The setup needed to execute this attack is relatively simple, but it does rely on a few third-party tools such as Google Voice, Spoofcard, Black Hole, and Audio Hijack. For detailed instructions on setting up your own instance of Respeecher to perform real-time voice cloning, check out Part 2 of this blog series here.

Voice Cloning Demonstration

Respeecher is a company who does research targeting specifically voice cloning through Generative AI. The demonstration instance they spun up for us included a few voices for us to try, which included several voices as presets that would work in real time. The Respeecher instance itself requires no user set up and with the provided pre-trained models, it takes only a few seconds to switch between voices. Critically, the target voice model accounts for the intonation, accent, and other nuances of the cloned voice. As an American male, it was fascinating to hear my voice as an Eastern European female. The sample set provided in the Respeecher demo has several models from different regions.

We captured audio showing how powerful these tools are when combined, which you can hear below:

These results are fairly convincing, but believability could be further enhanced using a target speaker from the organization that is being tested. In an AI-assisted social engineering campaign, a red team engineer could, for example, take audio of an organization’s CEO speaking at a TED talk and use it to train an AI model. Voice cloning only requires about five seconds of audio to create a convincing voice model. Using Respeecher and the other AI-assisted tools, the attacker could then realistically render the CEO’s voice in real time on social engineering calls, increasing the likelihood that targeted individuals would give up sensitive information or take sensitive actions.

The Future

The impact of using voice cloning in real time with spoofed numbers is critical, not just in a workplace, but in other aspects of life. Some financial institutions such as Capital One and HSBC have started using voice recognition for banking. This could become problematic, as we have demonstrated how simple it is to clone a voice rather convincingly. In general, being able to execute this attack chain will greatly increase the success rate of phone pretexts and social engineering attacks. An attacker can assume any identity, gender, age, and even nationality on a call and can transition to a completely different identity seamlessly on live calls. This provides an added element of realism and can really be used to exploit voice recognition between people. Another consideration is that the technology that currently exists for cloning only requires a few seconds of speech. For an adversary, this attack chain is low risk, high reward. This technology and attack chain enables attackers to make persistent attempts against the same target as the ability to transition to different identities in a split second is trivial.
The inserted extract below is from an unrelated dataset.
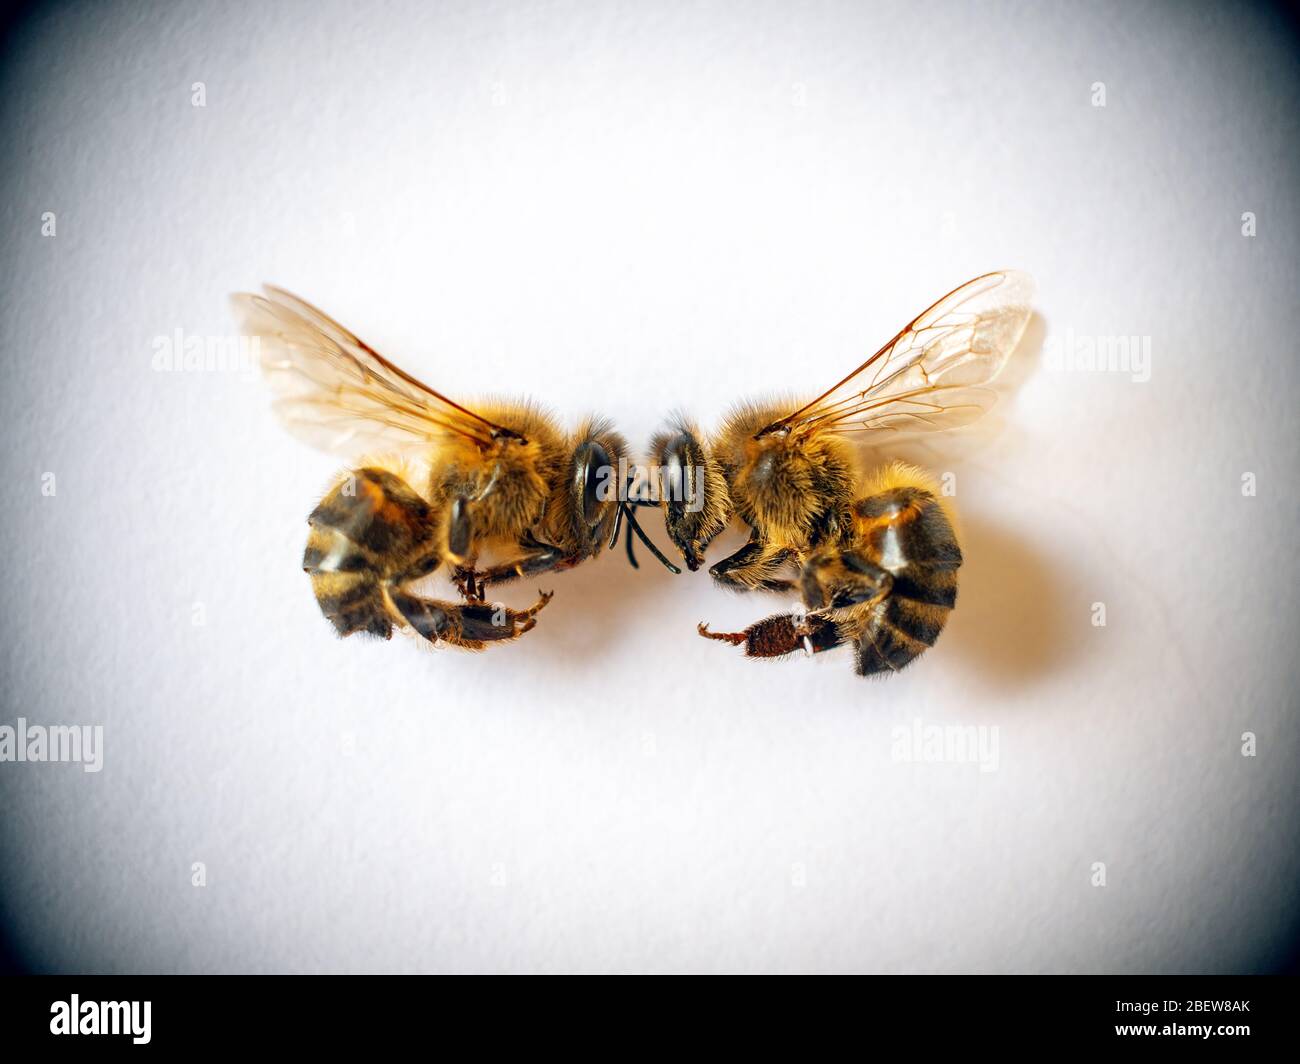 Two bees on a white background Stock Photo

Our answer to the question, “Should we be worried?” is, “to a healthy degree”. As these technologies become public and more accessible down the line, new defenses and a healthy dose of skepticism will be needed. When executed properly, true adversary simulation engagements will often end with questions like, “How do we protect against this?”. Our standard response is security awareness training and technical security controls such as MFA that could compensate for the risk, but the better answer is to have consistent attack simulations to highlight the deficiencies in your organization. Tevora’s adversary simulation team is always conducting research and weaponizing advanced techniques to identify attack chains before they happen.